[EXERCISE REQUIREMENTS]
All of the data that follows should be retyped exactly, please, except the pictures.

╭─ SUPPLIED MATERIAL

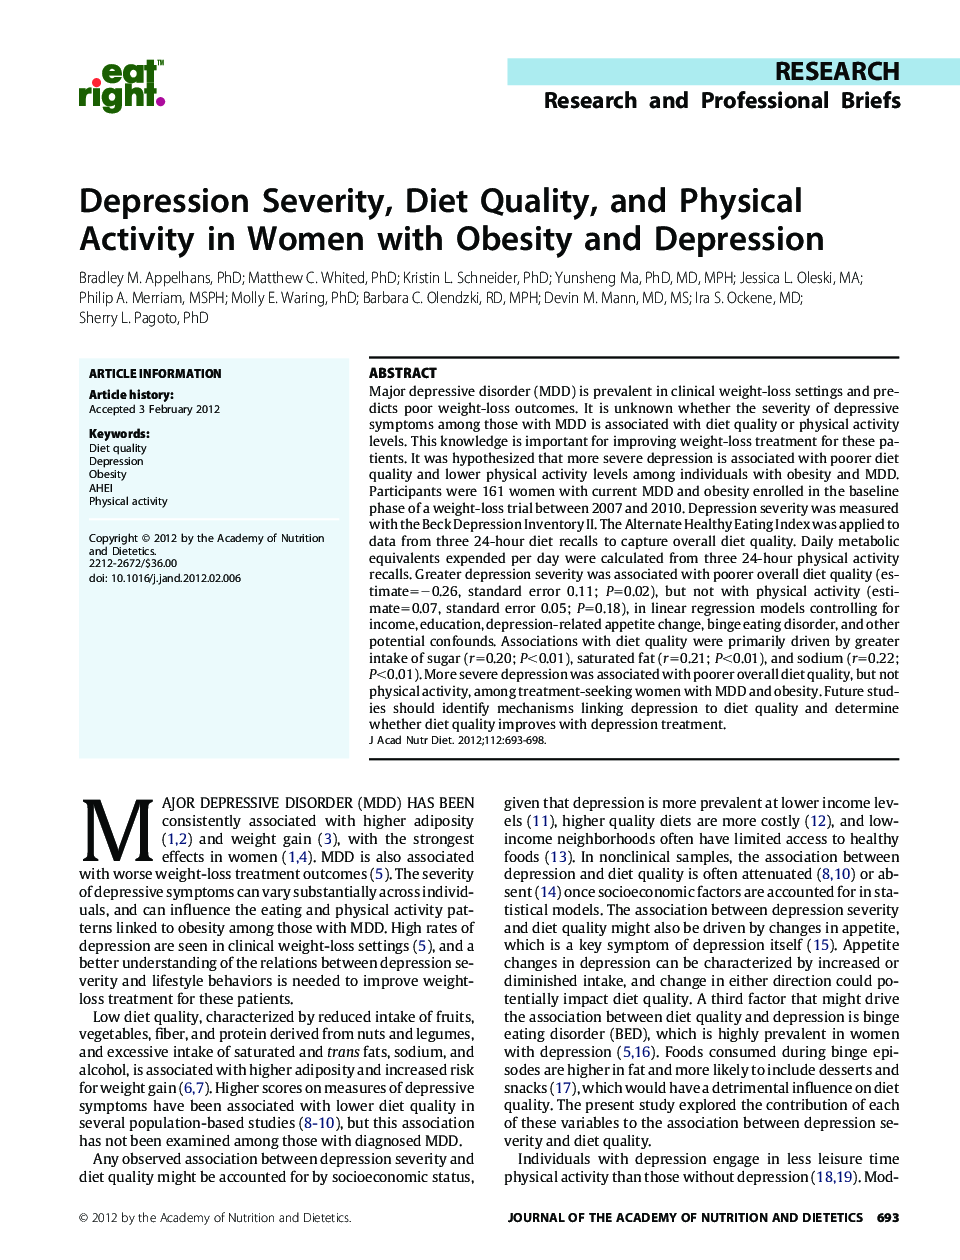 Depression Severity, Diet Quality, and Physical Activity in Women with Obesity and Depression 
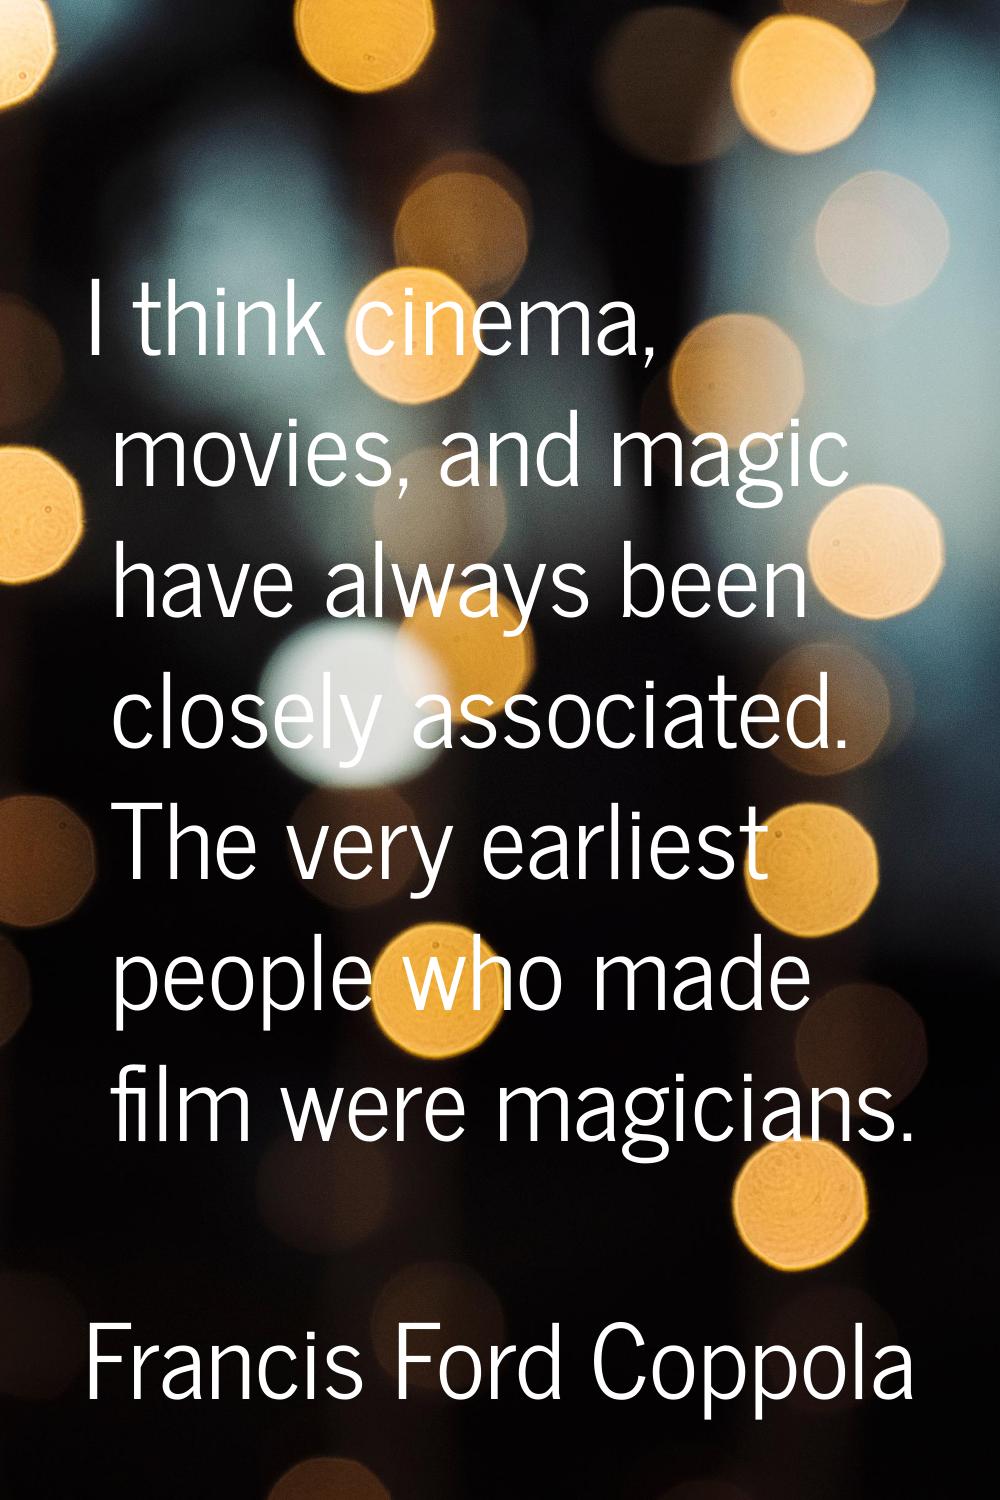 I think cinema, movies, and magic have always been closely associated. The very earliest people who
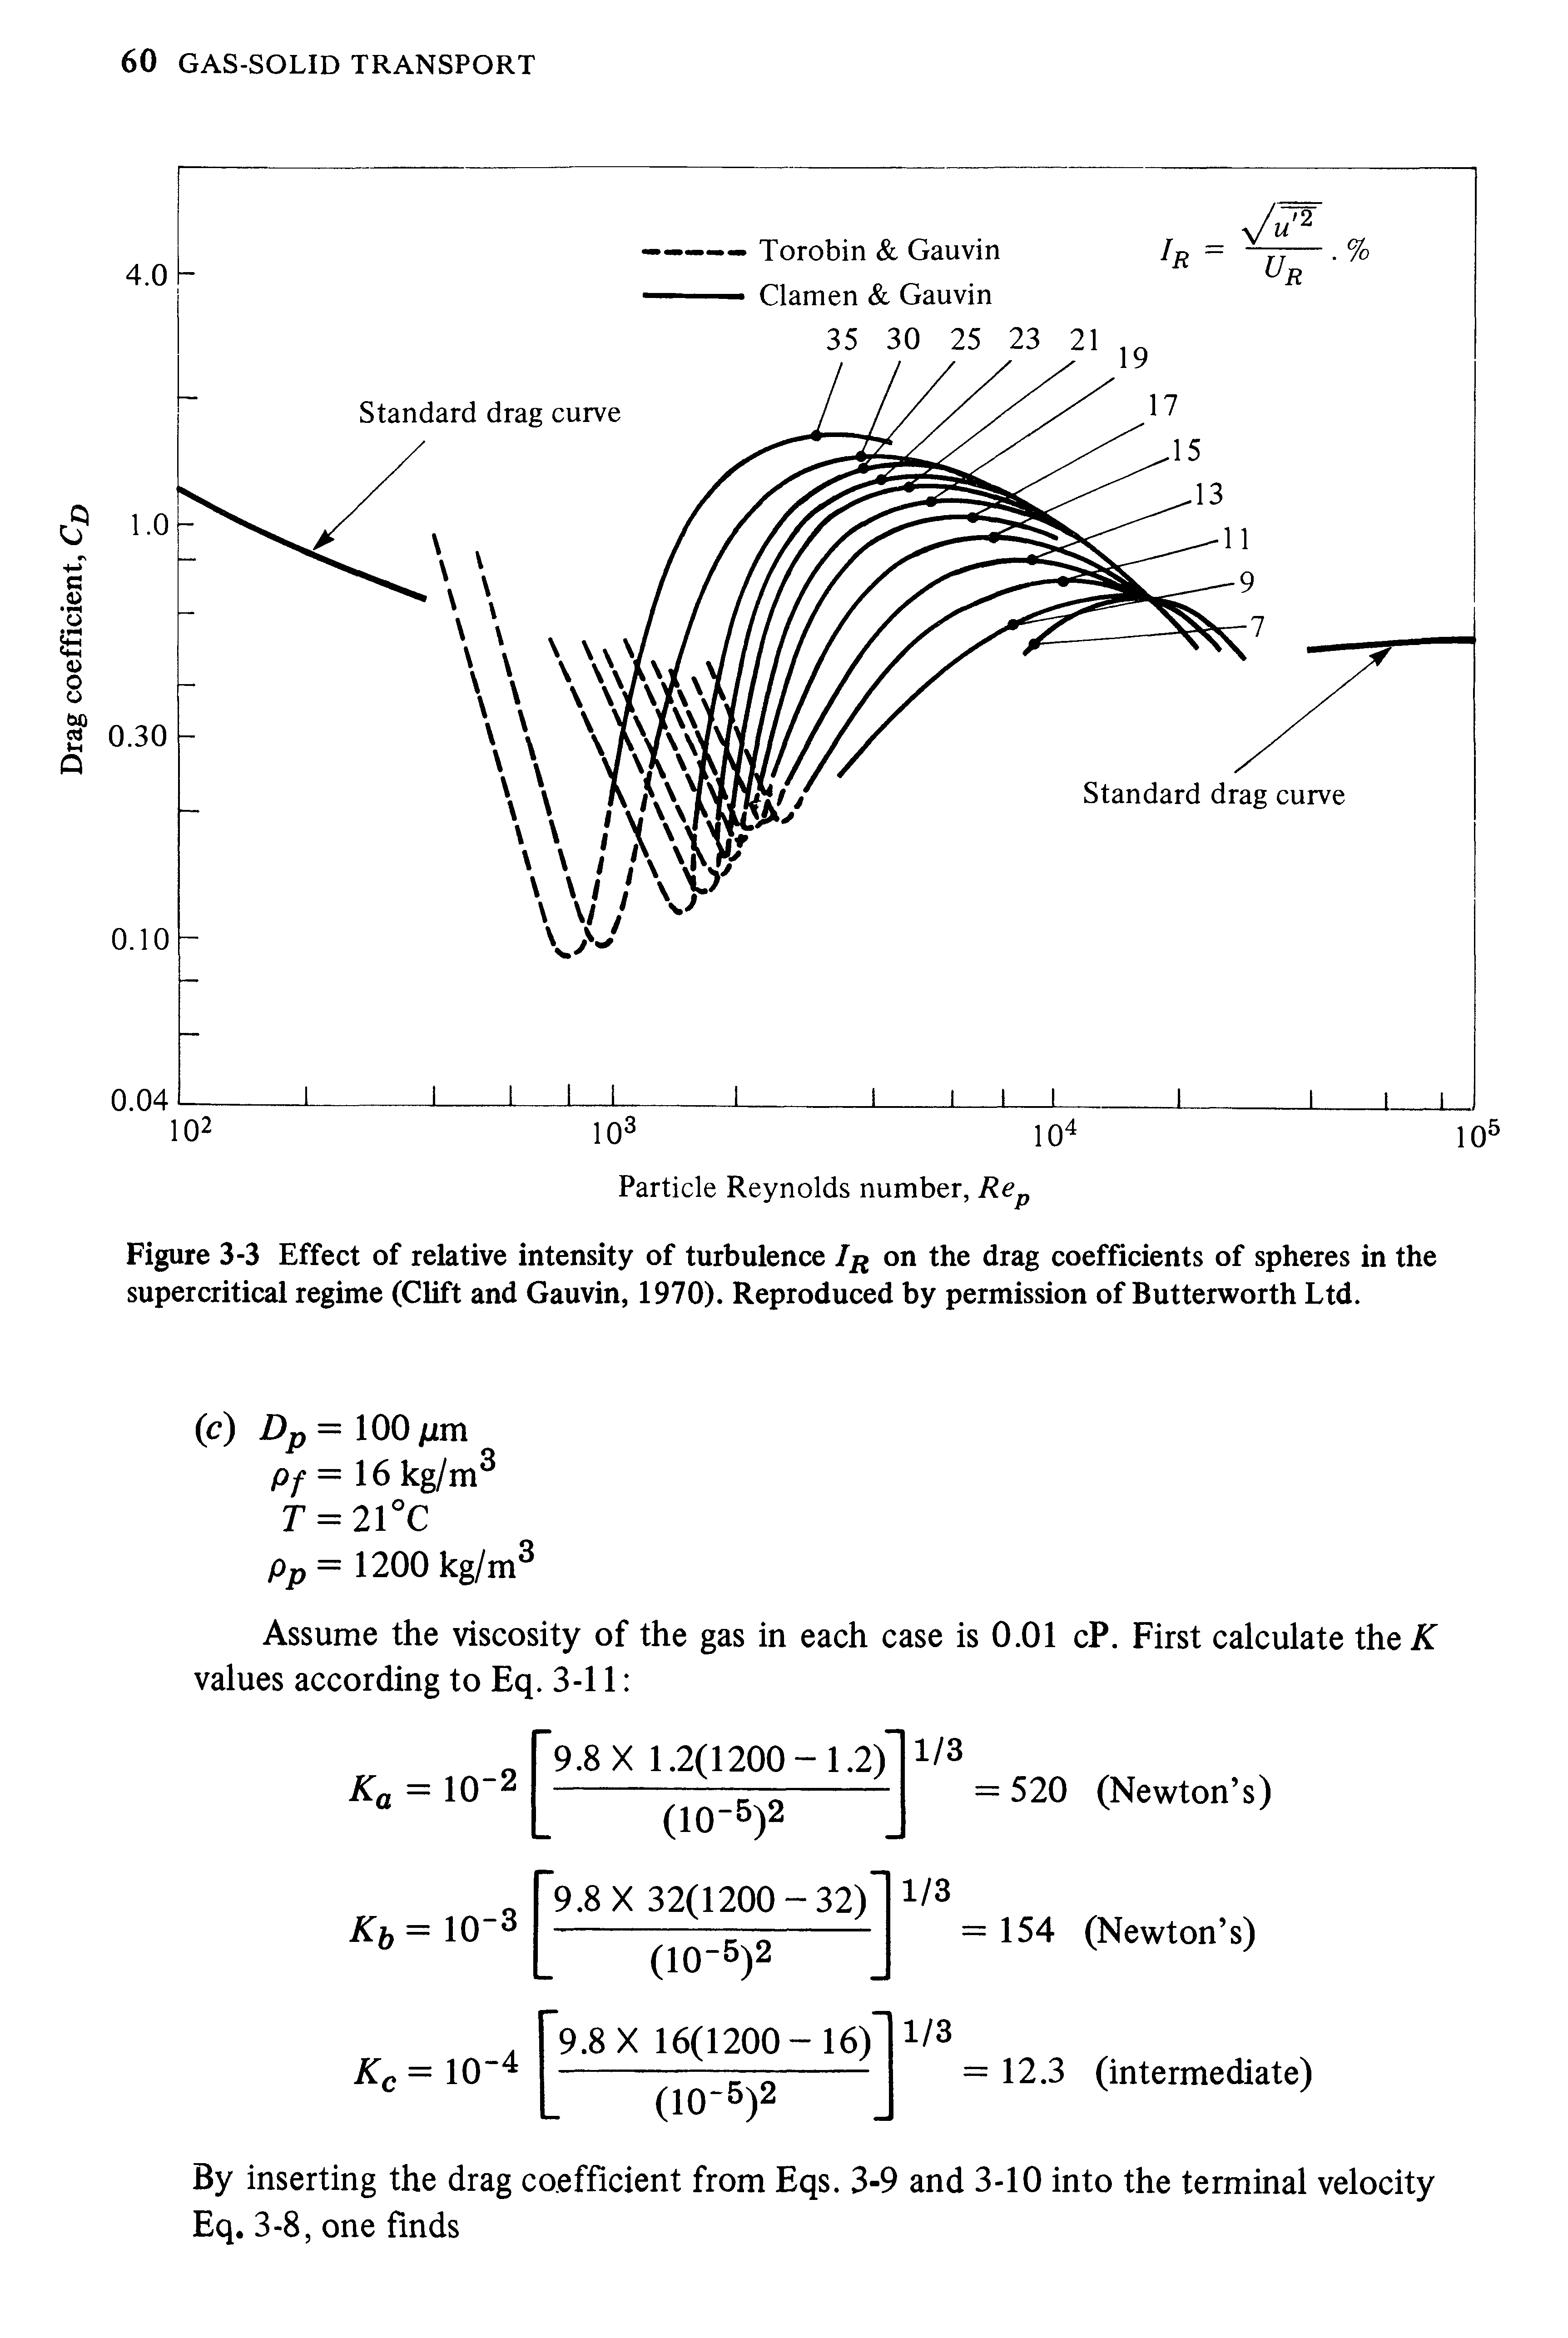 Figure 3-3 Effect of relative intensity of turbulence Iji on the drag coefficients of spheres in the supercritical regime (Clift and Gauvin, 1970). Reproduced by permission of Butterworth Ltd.
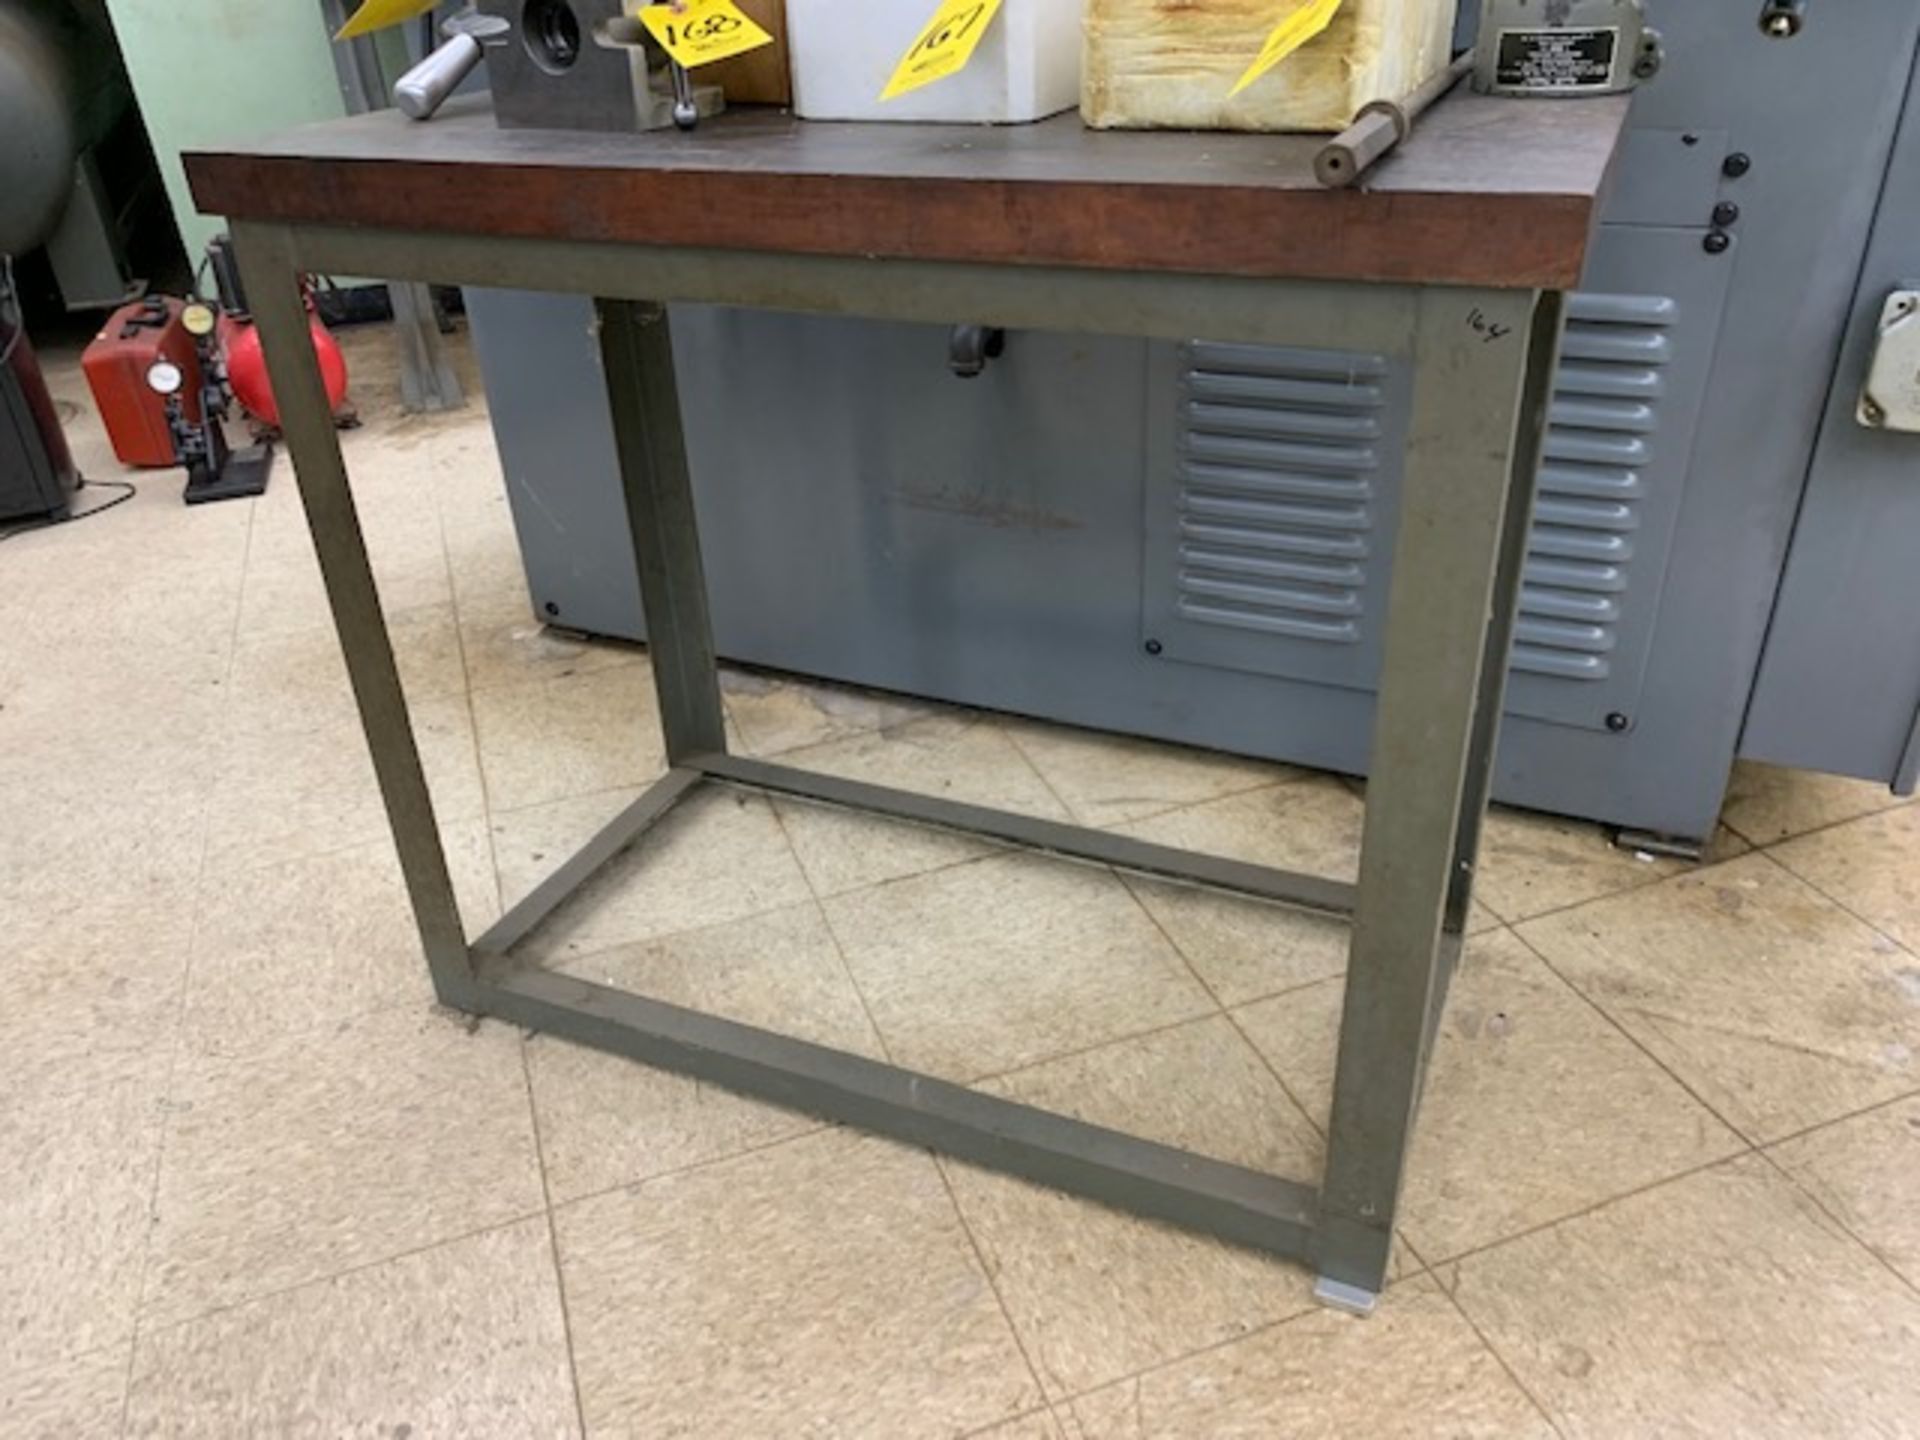 21 X 48 IN. AND 18 X 26 IN. WORK BENCHES - Image 2 of 2

╰─

[EXERCISE RESPONSE]
 Depression Severity, Diet Quality, and Physical Activity in Women with Obesity and Depression 
 I think cinema, movies, and magic have always been closely associated. The very earliest people who
 Figure 3-3 Effect of relative intensity of turbulence Iji on the drag coefficients of spheres in the supercritical regime (Clift and Gauvin, 1970). Reproduced by permission of Butterworth Ltd.
 21 X 48 IN. AND 18 X 26 IN. WORK BENCHES - Image 2 of 2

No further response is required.